La CFDT note positivement cette ouverture mais constate à ce stade le maintien de l’âge pivot dans le projet de loi portant sur la réforme des retraites. Cet âge pivot est injuste et inutile et il est massivement rejeté par la population. De plus, il est incompatible avec l’engagement initial du Président de la République de faire une réforme sans faire d’économies et d’assurer à chaque euro cotisé les mêmes droits à la retraite.
Si la CFDT rappelle qu’elle s’est toujours préoccupée de l’équilibre des systèmes de protection sociale, elle maintient que la réforme globale du système de retraite doit avoir pour objectif premier la justice sociale. La conférence de financement proposée par la CFDT doit avoir pour objectif le financement à moyen et long terme du système de retraite. Elle doit pour cela aborder l’ensemble des leviers d’action, sans que la loi n’en impose un par avance.

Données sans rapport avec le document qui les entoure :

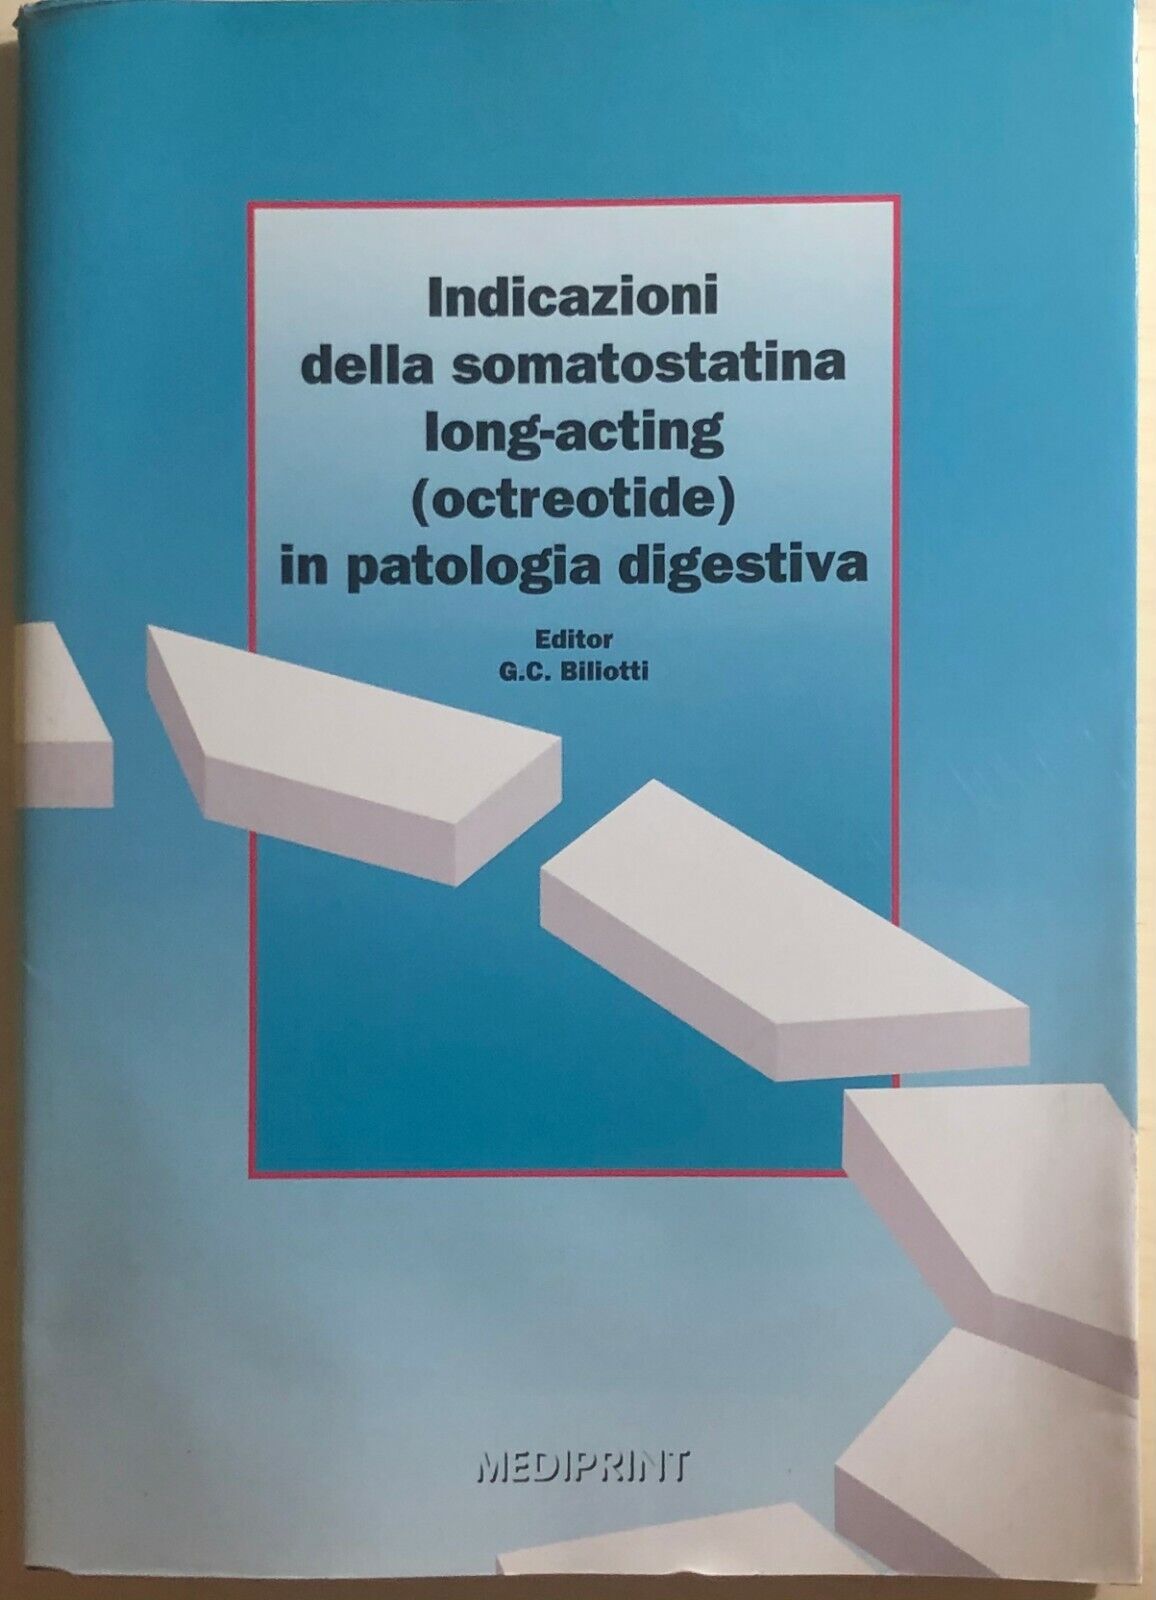 Indicazioni della somatostatina long-actin in patologia digestiva di G.c. Biliot

Fidèle à sa conception du dialogue social, la CFDT va donc s’engager avec détermination dans cette nouvelle phase de concertation. Trop d’éléments insuffisants ou flous doivent être précisés ou tranchés. La CFDT revendique des avancées sur :
une meilleure prise en compte de la pénibilité vécue par les travailleurs (manutentions manuelles de charges lourdes, postures pénibles, risques chimiques et vibrations mécaniques),
l’emploi des séniors pour un maintien adapté dans l’emploi,
la sécurisation des transitions dans les fonctions publiques,
la retraite progressive pour une transition douce des fins de carrière,
une augmentation plus importante du minimum de pension,
– et un Compte Epargne Temps Universel pour aménager son temps de travail tout au long de la vie.

Pour la CFDT, les voies de discussion avec le gouvernement existent mais sont étroites. Dans la mesure où l’âge pivot figure dans le projet de loi et où les éléments de progrès social restent très insuffisants, la CFDT appelle l’ensemble de ses adhérents et militants à maintenir la pression sur le gouvernement et à :
– relayer la pétition appelant au retrait de l’âge pivot, http://chng.it/yZ9x9Nq4W6
– interpeller les parlementaires sur tout le territoire,
– mener des actions de sensibilisation auprès des citoyens et travailleurs cette semaine et se mobiliser dans les territoires le samedi 11 janvier sur les revendications de la CFDT.